I am not bashing social media here. I love social media. Where I am going with this is that I found there are a couple of paths to making money. One involves more, more, more. More sales, less margins, automate to within a hairs breath of profitability, faster, faster, bigger and bigger. All very profitable and when you get bigger and bigger, there’s certainly prestige in that. I know, I’ve been part of building some seriously large companies from scratch.

But what I learned was that, once these companies got to a certain size, it wasn’t fun any more. It was about numbers more than people. I could not stay close to my employees as well. There were too many customers, so I had to develop ways to make it seem like I was in touch with them. Well, I was in touch technically, but not in reality. I was touching them maybe, but that is different than being in relationship. That was different than making everyone in my life and work matter.

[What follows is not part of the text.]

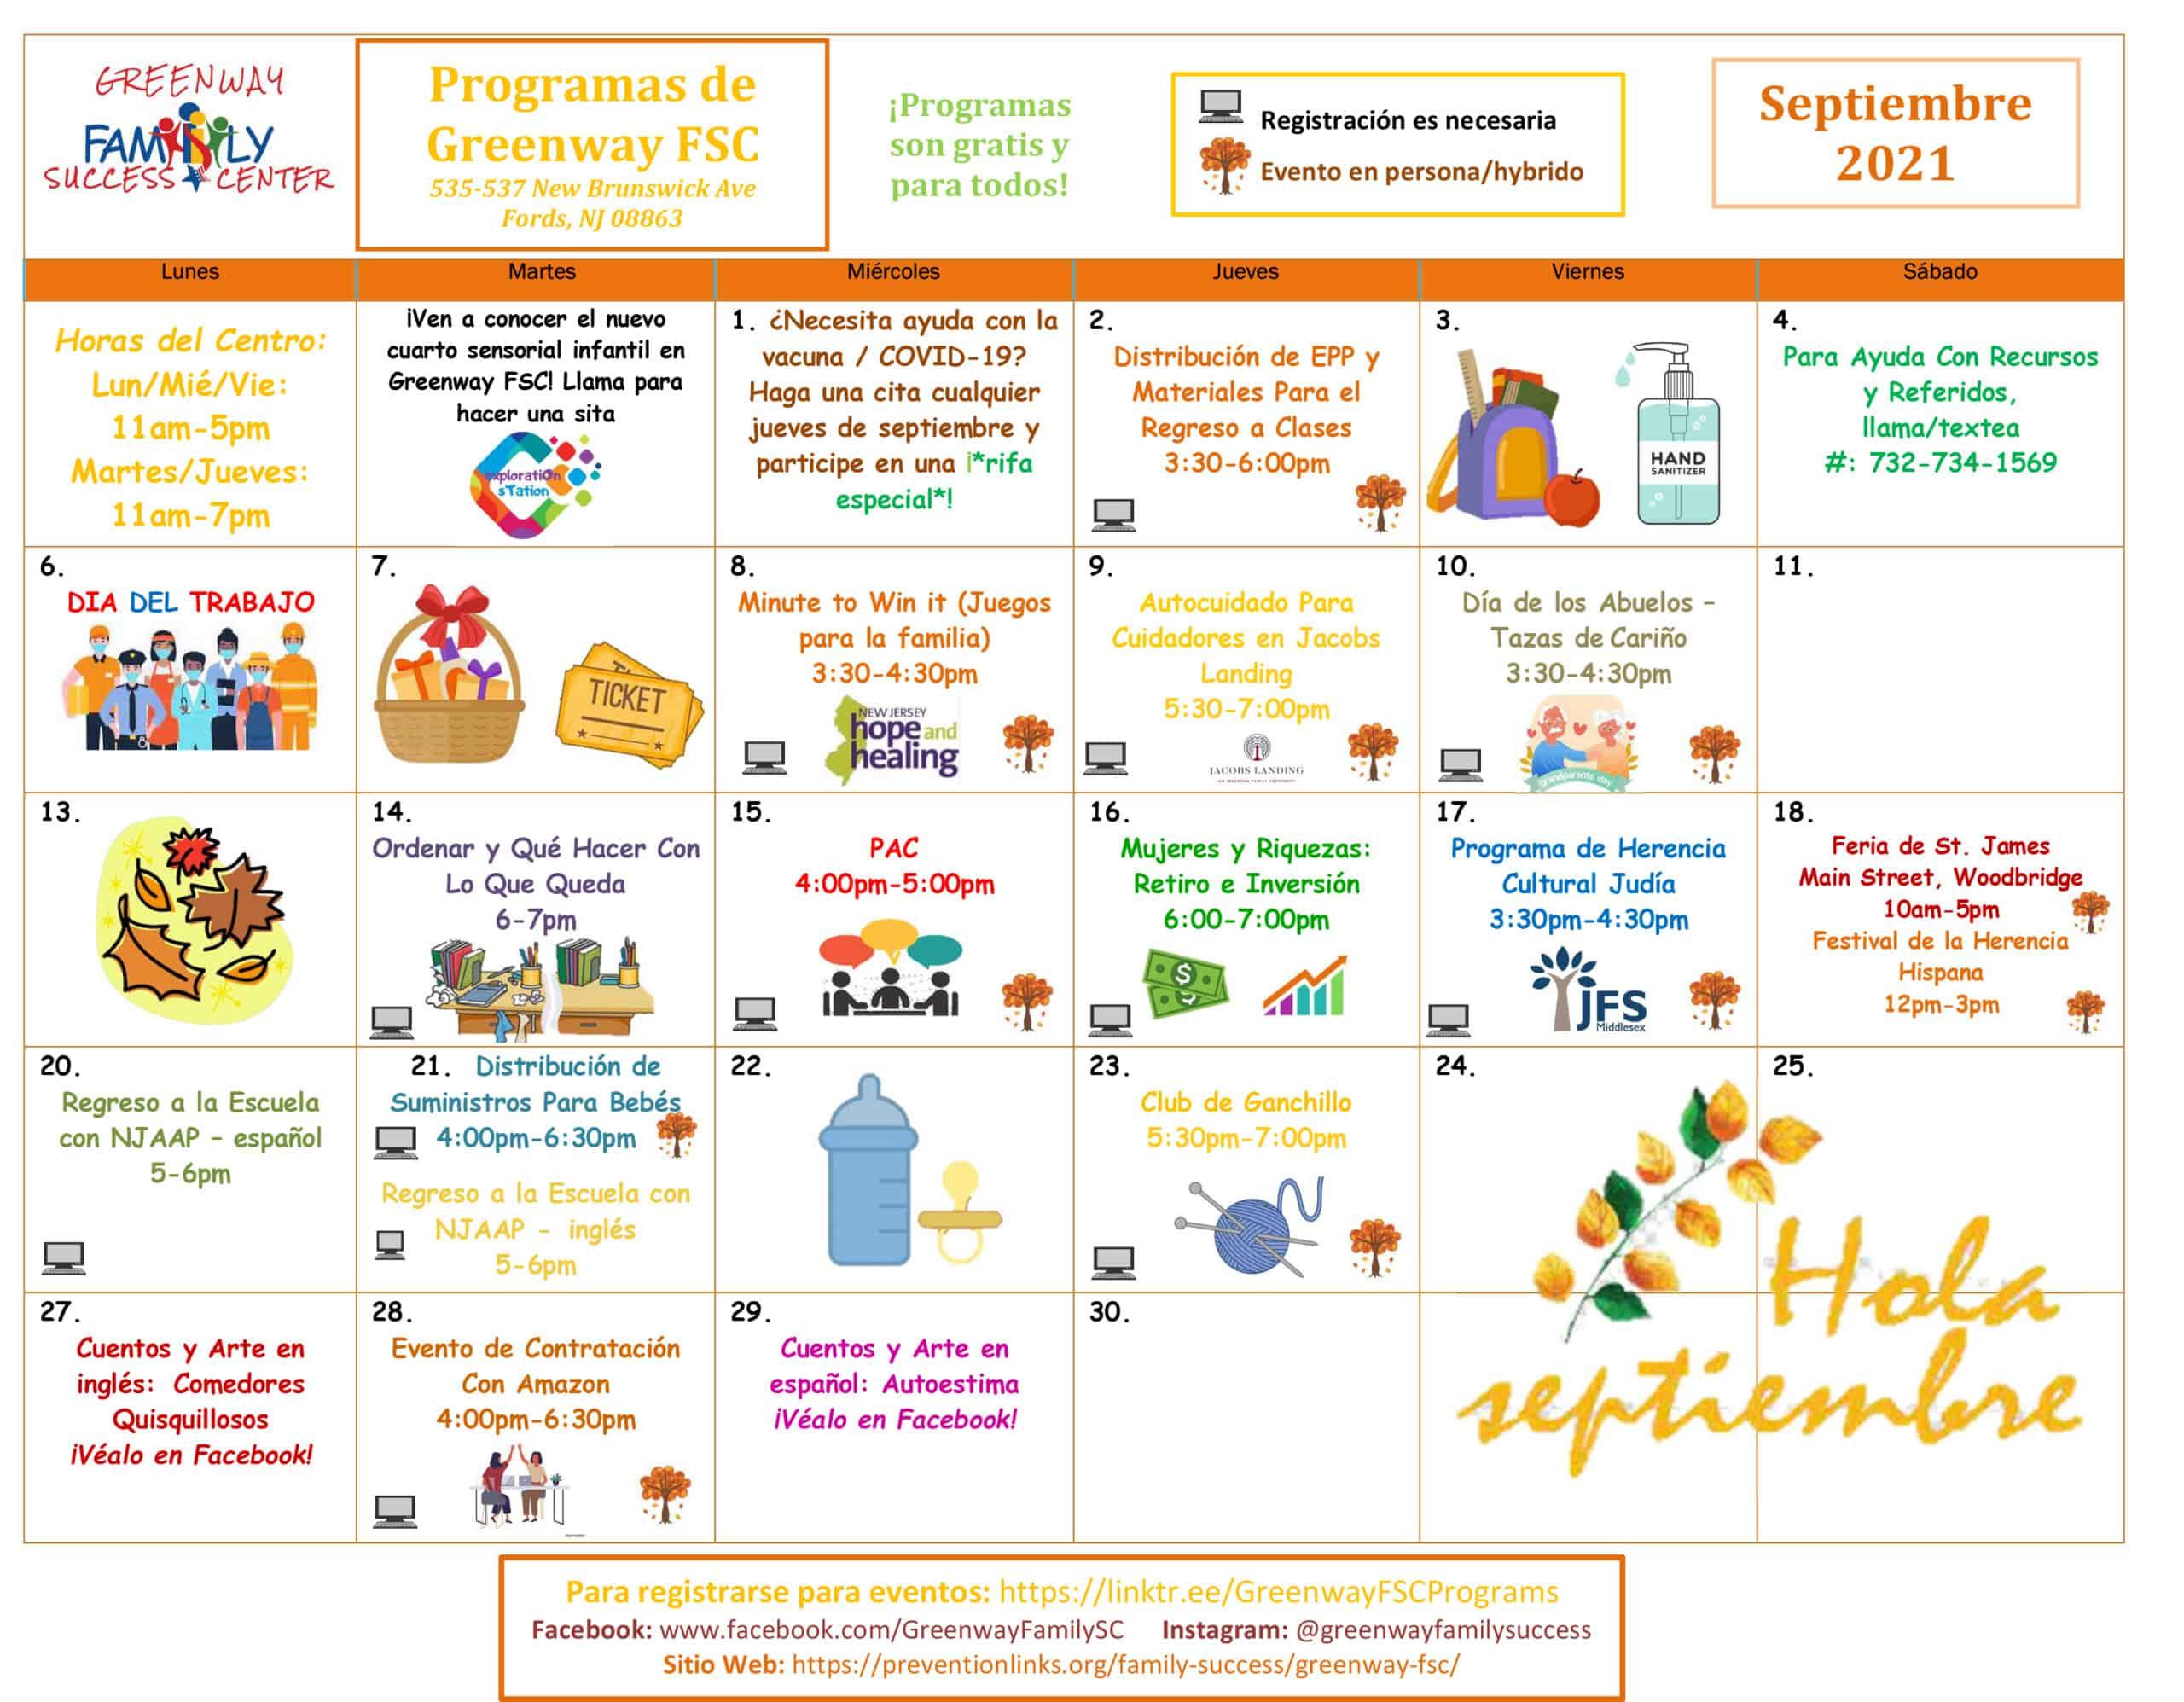 Microsoft Word - Greenway September 2021 Programs Spanish

For a time, my solution was that once a company reached a certain size, I was done. I’d move on. I was (and am) very very good at startups, at creating corporate cultures that win. Every company that took me in, in a leadership position has grown, dramatically. But when we got to X size, the closeness eroded in favor of the things you have to do to manage scale. It doesn’t have to be that way. You can keep culture and size, but it takes an effort that most companies, as they grow, are not willing to put in.

The past few years, I’ve taken a different approach. I am still learning, but it seems to prove something I thought for a long time. There are a few people and companies that want to matter. And they will pay a little extra to matter – to be a priority, to have me learn more than the task at hand, but the key people and issues and culture and…. the things that make them who they are. I learned that making people matter can pay. And that making people matter makes me feel better.

I have a friend who was a counselor for many years. She once told me that most of her clients actually had very little wrong with them. “They just need someone to talk to.”, she says. “They need to matter.”


One of the things about coaching that most people don’t think about is that for the time the coach and the coached are working together, the coach is 100% focused on the person being coached. It’s an intense focus. Most clients very quickly talk to about how good it feels, even beyond the results, to have someone so focused on them, just them, for that period of time. We don’t get that in life. We don’t get that at work. A lot of times, we don’t even get that at home.

Want to know what sets me and Quarry House apart?

I want to matter. That’s why I love my little coffee shops, my local food markets, small churches. And I want my clients to know THEY matter. I could grow my business to something way bigger. I know how to do it. I’ve done it. Multiple times. But I’ve chosen to go counter to the culture. I will reach less people perhaps, than building a large consulting firm. But the people I do reach, I will help. And more that that, they will matter and they will FEEL like they matter. It’s more than a business. It’s relationships. Real ones.

Like me and the cook here at the Relentlessly Cheerful Diner.